• Source data
:::::

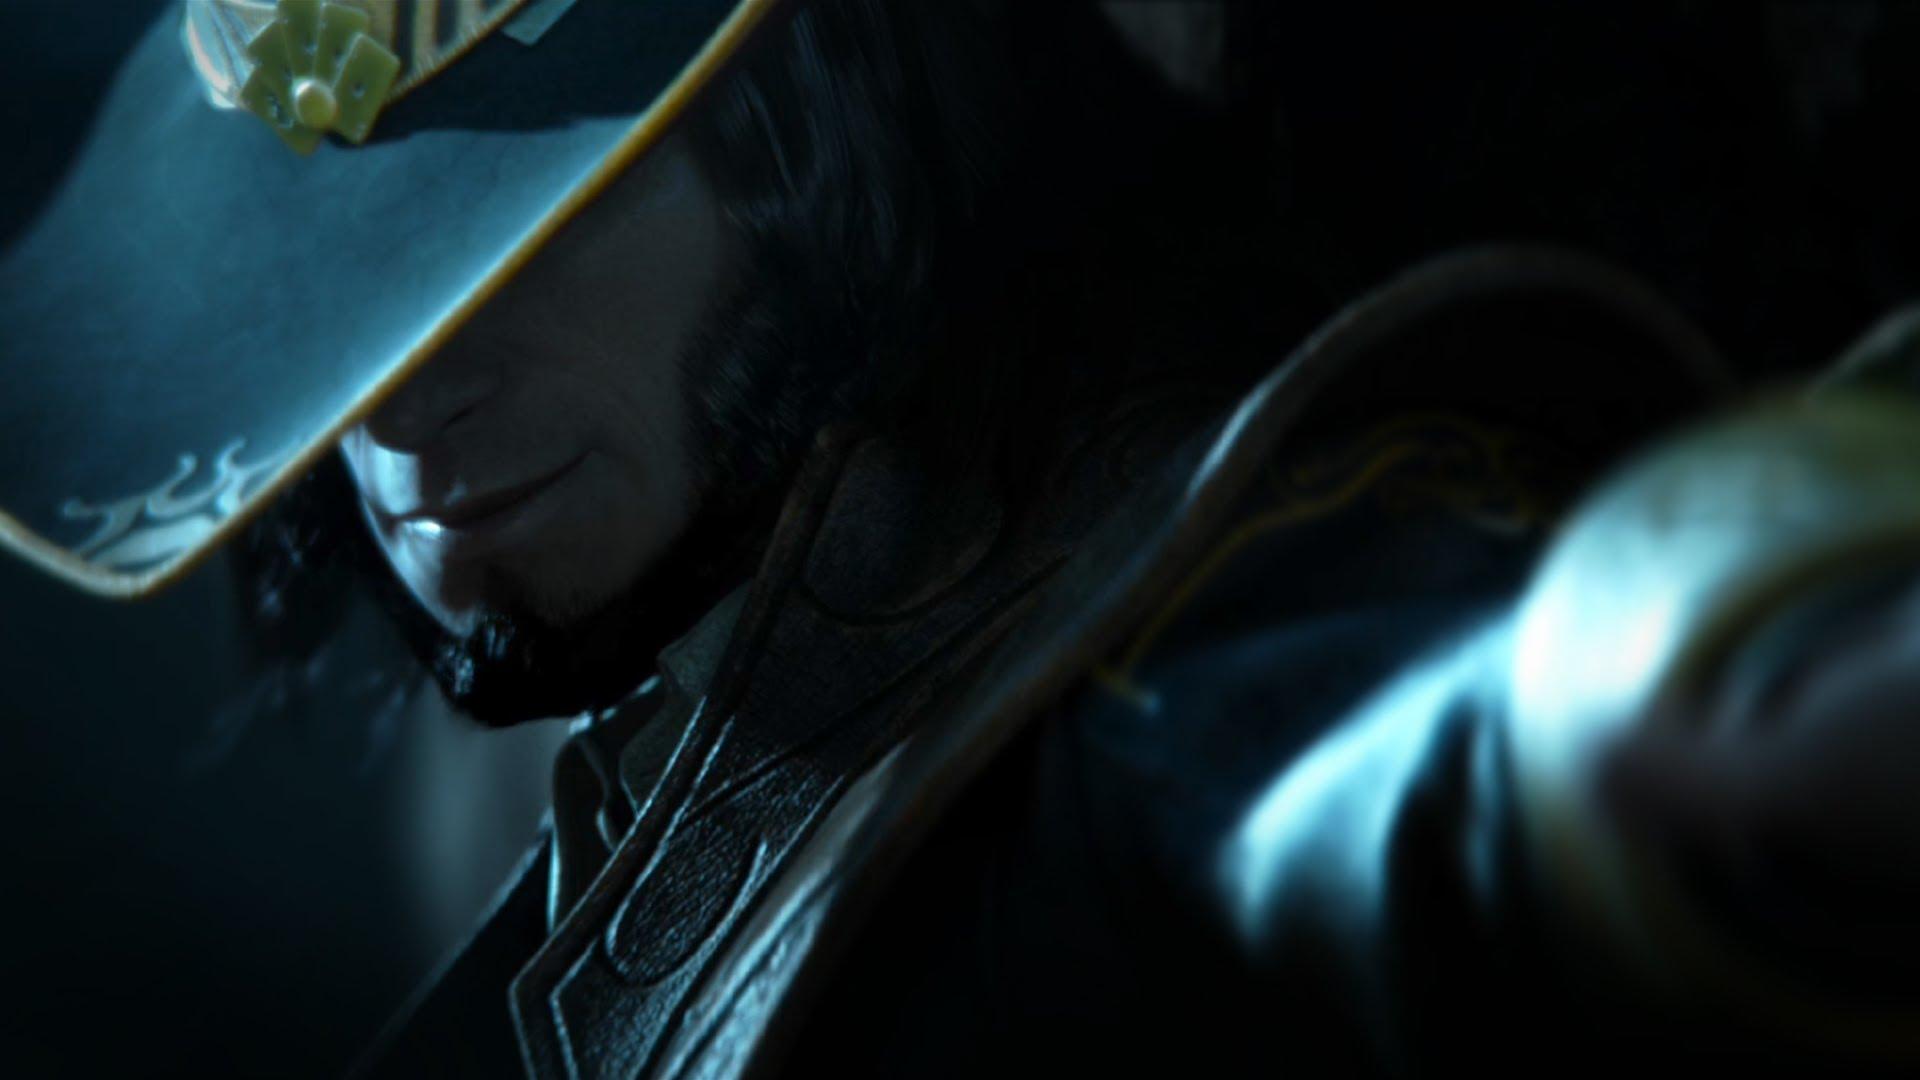 League of Legends Cinematic: A Twist of Fate
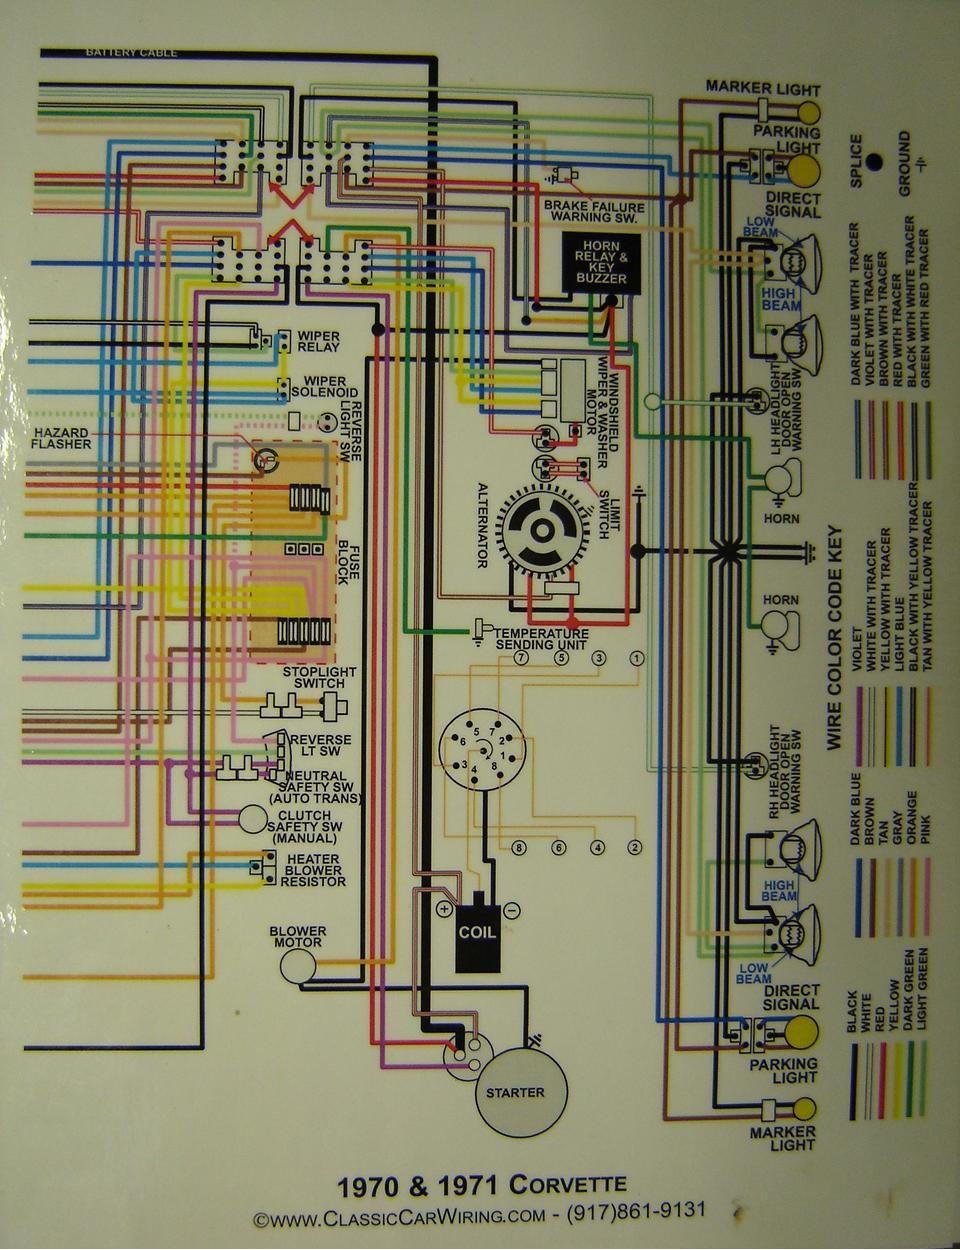 Corvette Wiring Guide - Data Wiring Diagram Schematic - Mercury Outboard Wiring Harness Diagram
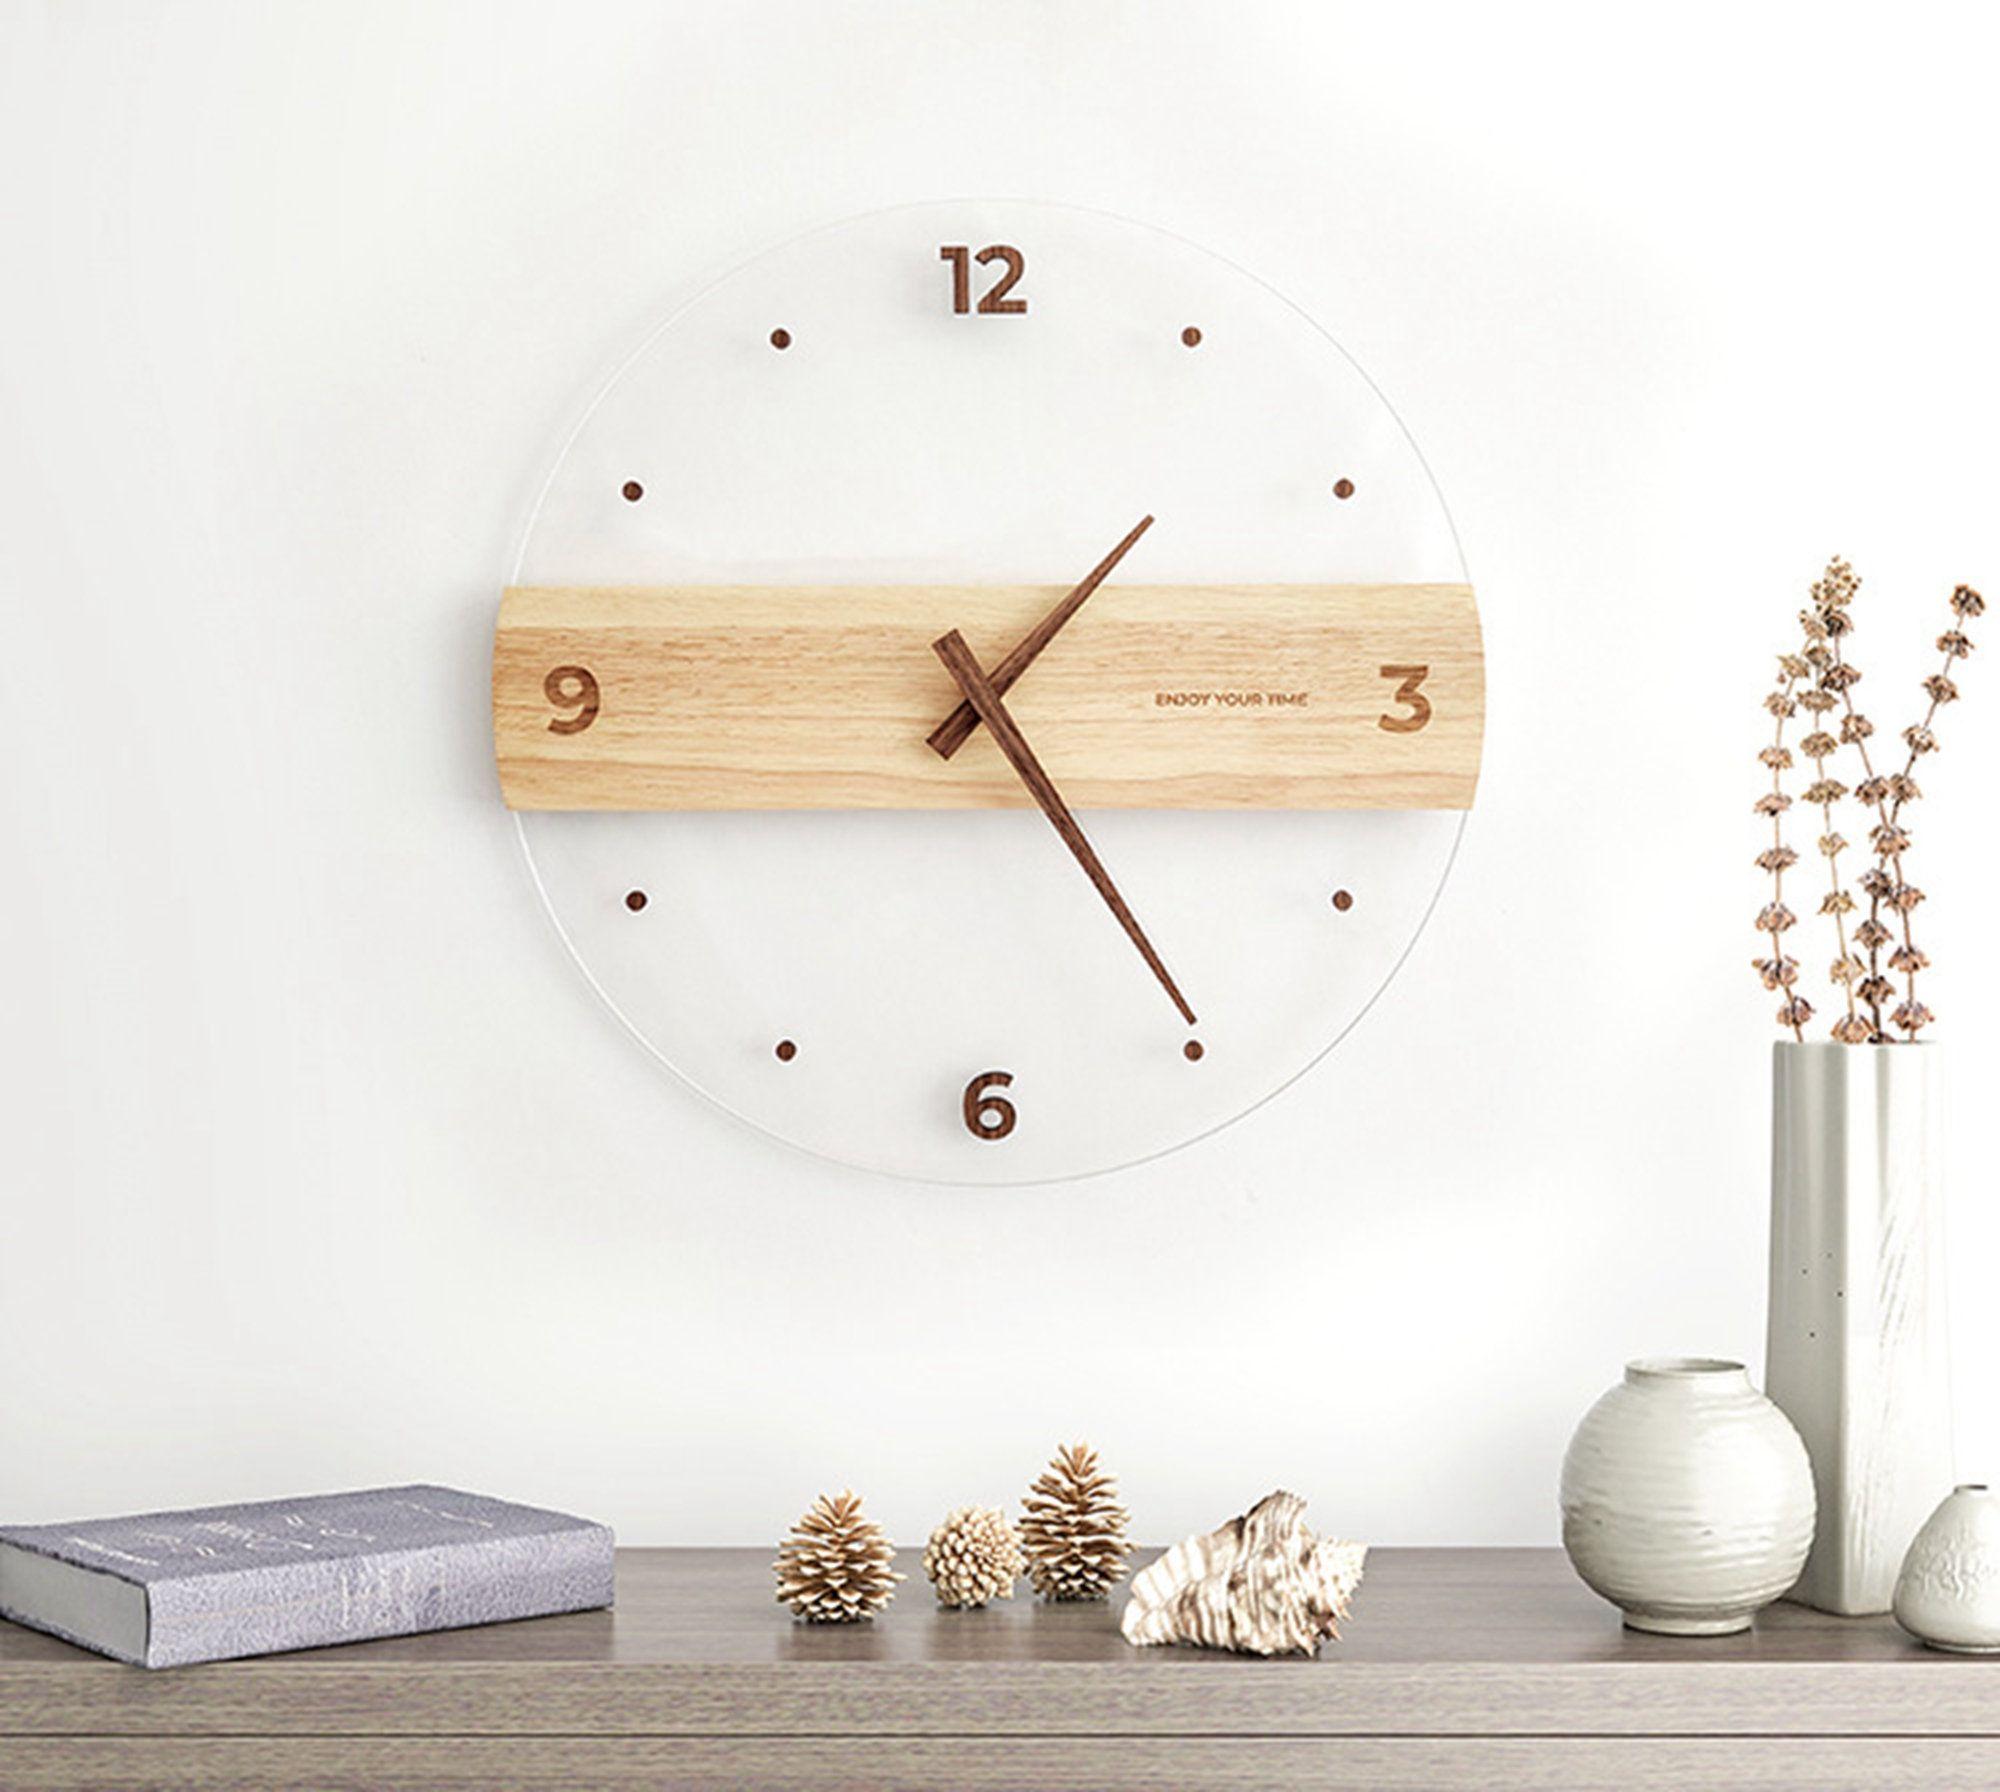 Large Modern Wood Wall Clock Decor Round Wooden Silent Clock Etsy In 2021 Wall Clocks Living Room Wood Wall Clock Clock Wall Decor Decorative kitchen wall clocks

:::::

• Work item
Copy the data character for character, but drop all pictures from the copy.

• Output below
 League of Legends Cinematic: A Twist of Fate
 Corvette Wiring Guide - Data Wiring Diagram Schematic - Mercury Outboard Wiring Harness Diagram
 Large Modern Wood Wall Clock Decor Round Wooden Silent Clock Etsy In 2021 Wall Clocks Living Room Wood Wall Clock Clock Wall Decor Decorative kitchen wall clocks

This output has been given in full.